As robots become increasingly integrated into everyday environments, understanding how they communicate with humans is critical. Sound offers a powerful channel for interaction, encompassing both operational noises and intentionally designed auditory cues.

In this three-part study, we examined the effects of consequential and functional sounds on human perception and behavior, including a novel exploration of spatial sound through localization and handover tasks. The first part utilized a between-subjects design (N=48) to assess how the presence of consequential sounds from a Kinova Gen3 robotic manipulator influences human perceptions of the robot (in person and through video) during a simple pick and place task. The second part (N=51) investigated spatial sound localization accuracy using a augmented reality (AR) environment, where participants identified the source of 3D sounds. The third part (N=41) evaluated the impact of functional and spatial auditory cues on user experience and perception of the robot through a within-subjects design.

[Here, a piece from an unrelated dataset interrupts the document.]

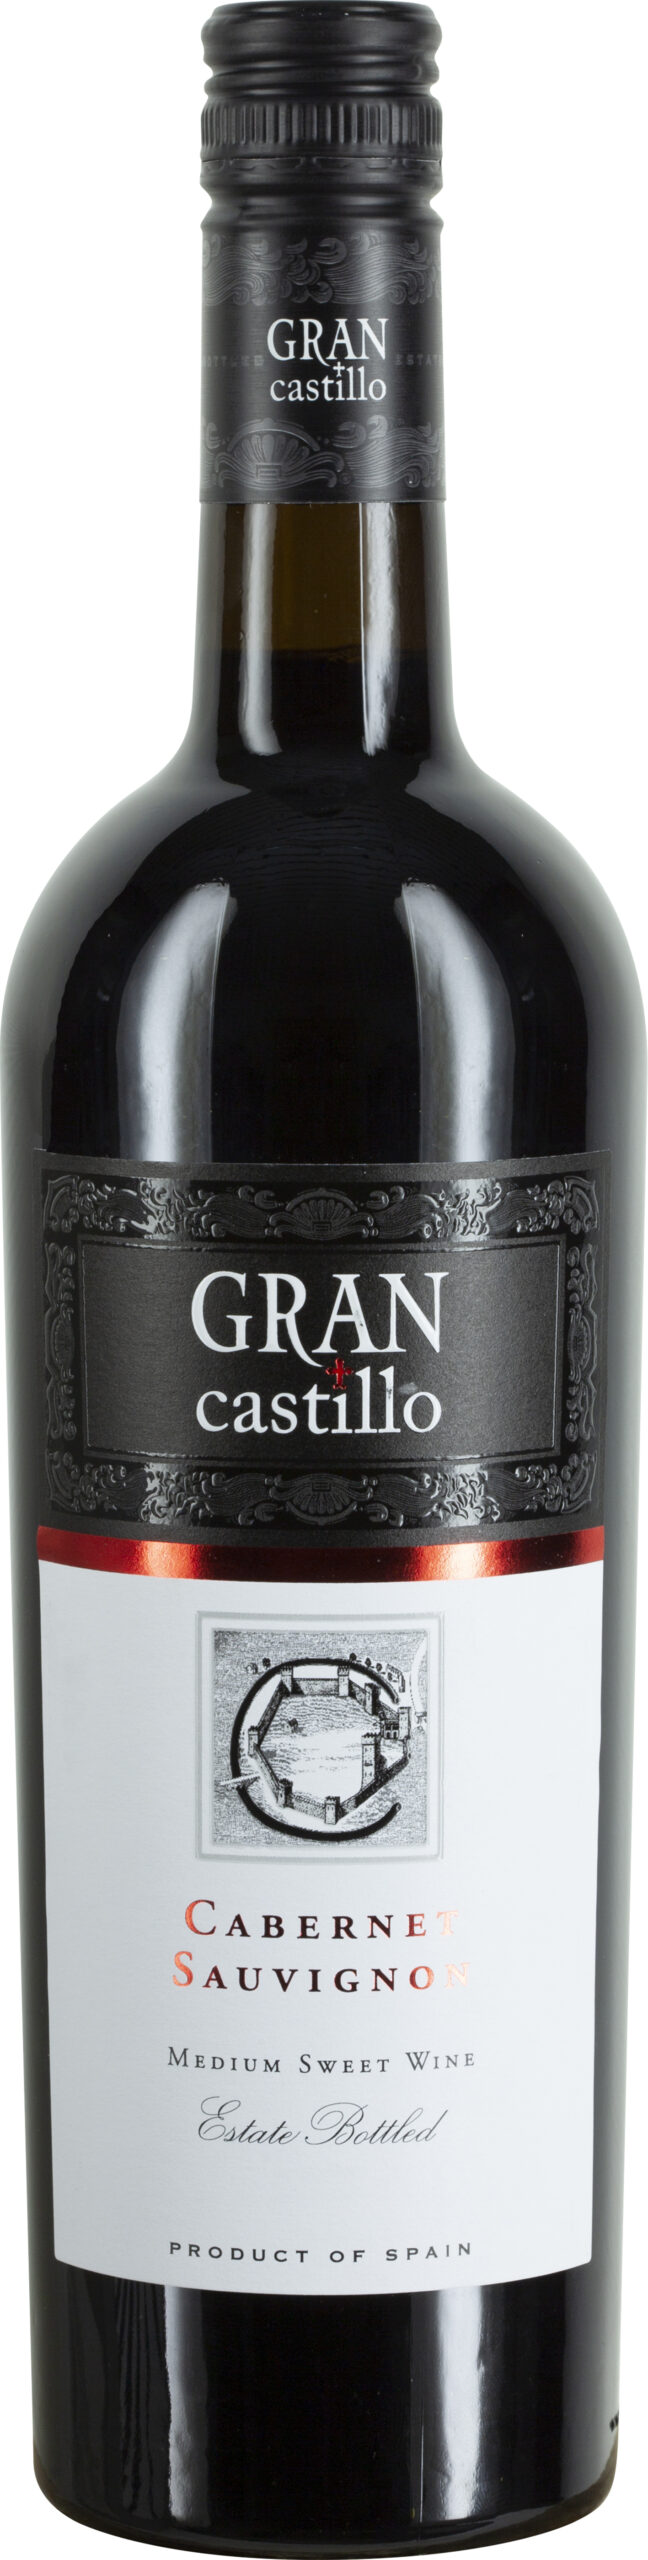 Gran Castillo, Cabernet DOP Sauvignon Weine Schenk Valencia

Results show that consequential sounds of the Kinova Gen3 manipulator did not negatively affect perceptions, spatial localization is highly accurate for lateral cues but declines for frontal cues, and spatial sounds can simultaneously convey task-relevant information while promoting warmth and reducing discomfort. These findings highlight the potential of functional and transformative auditory design to enhance human-robot collaboration and inform future sound-based interaction strategies.

Video

Participant Recruitment

Fifty-one participants were recruited under IRB protocol 65022. Informed consent was obtained prior to participation, and each session lasted approximately 45 minutes. Participant demographics are summarized below. Likert-scale questions (1 = Strongly Disagree, 7 = Strongly Agree) assessed participants' experience with and attitudes toward robots.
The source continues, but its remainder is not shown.